The method 700 includes the GPU tile renderer 520A receiving the GPU control signal G_CNTL from the CPU 510 (block 710). As previously discussed, the CPU control signal G_CNTL may specify the GPU rendered tile size (e.g., 100×100 pixels2), the ML window (e.g., start position=pixel (750,150), height=1000 pixels, and width=3000 pixels; and may be dynamic based on an eye tracker), and tile rendering priority (e.g., although this may be implicitly set by the defined ML window).
Then, according to the method 700, the GPU tile renderer 520A may configure the GPU rendered tile size (e.g., 100×100 pixels2, which may be a static parameter based on the size of the GPU memory) per the control signal G_CNTL (block 720). Additionally, the method 700 includes the GPU tile renderer 520A configuring the ML window (e.g., start position, height, and width) based on the GPU control signal G_CNTL (block 730).
The method 700 further includes the GPU tile renderer 520A receiving information of the ith input framei to be rendered from the CPU 510 (block 740). Additionally, the method 700 includes the GPU rendering a first set of “J” GPU rendered tiles based on a higher priority associated with the ML window, and providing the first set of “J” GPU rendered tiles to the ML processor 530 (block 750). Further, the method 700 includes the GPU rendering a second set of “K” GPU rendered tiles based on a lower priority associated with being outside of the ML window, and providing the second set of “K” GPU rendered tiles to the GPU (ML) frame generator 520B (block 750).
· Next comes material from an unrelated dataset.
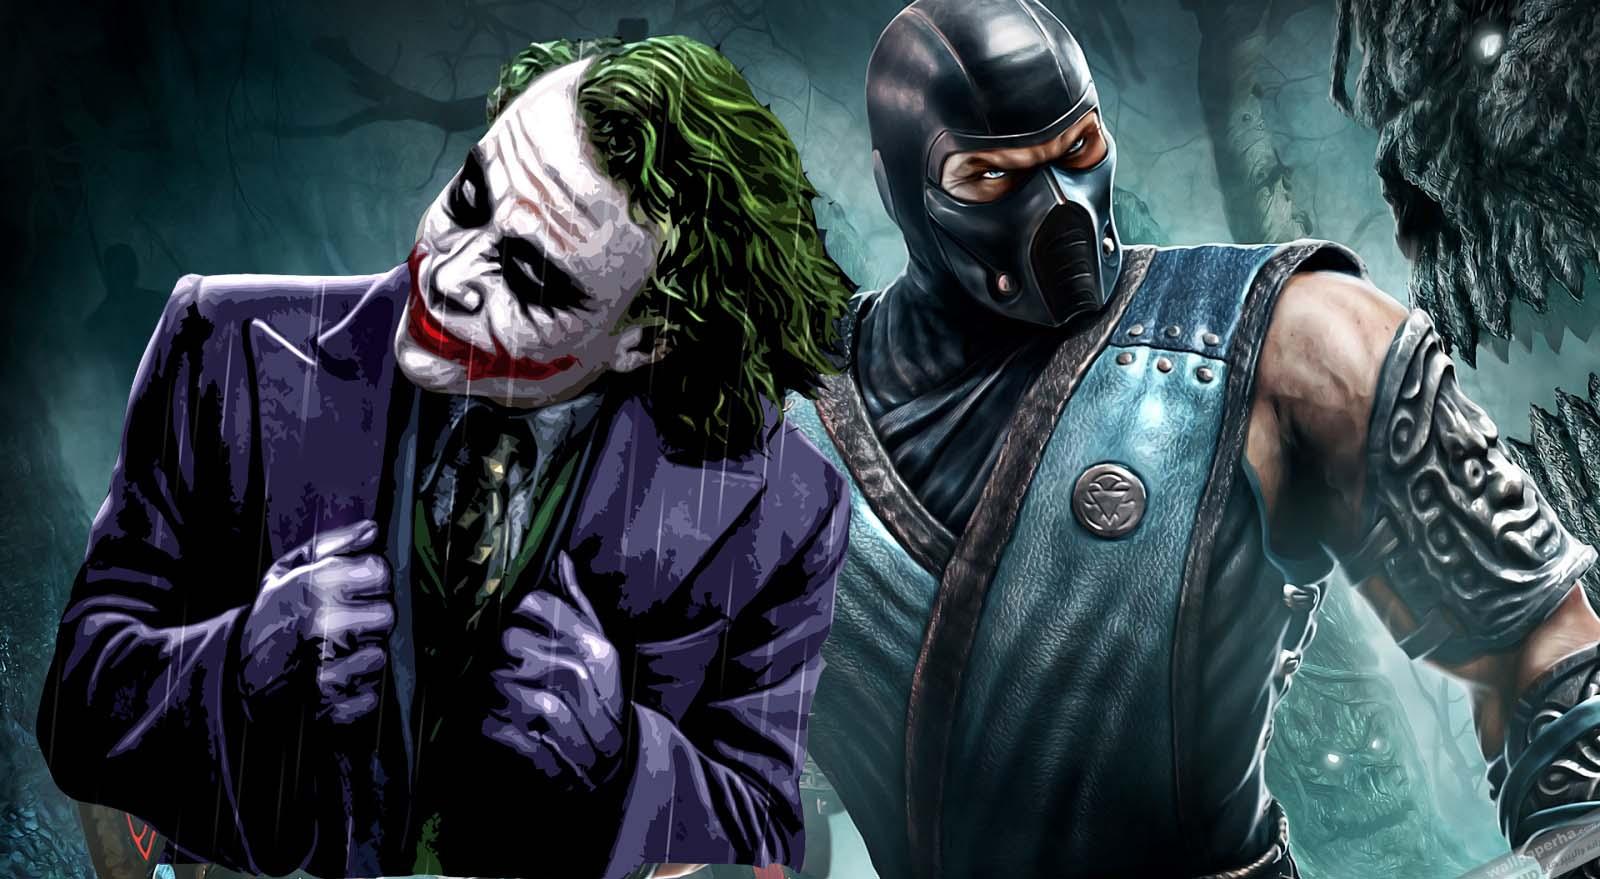 دانلود میکس pictures of joker (عکسهایی از جوکر)

The operations of blocks 740, 750, and 760 may be repeated for following sequential input framesi as indicated by the incrementing of the frame index “i” by one (1) per block 770, and circling back to block 740. As previously discussed, this may be the case where the GPU control signal G_CNTL is static or unchanged. In the case where the GPU control signal G_CNTL is dynamic, the method 700 may include circling back to the operations indicated in blocks 710, 720, and 730 to control the rendering process per the changed GPU control signal G_CNTL, as indicated by the dashed flow line.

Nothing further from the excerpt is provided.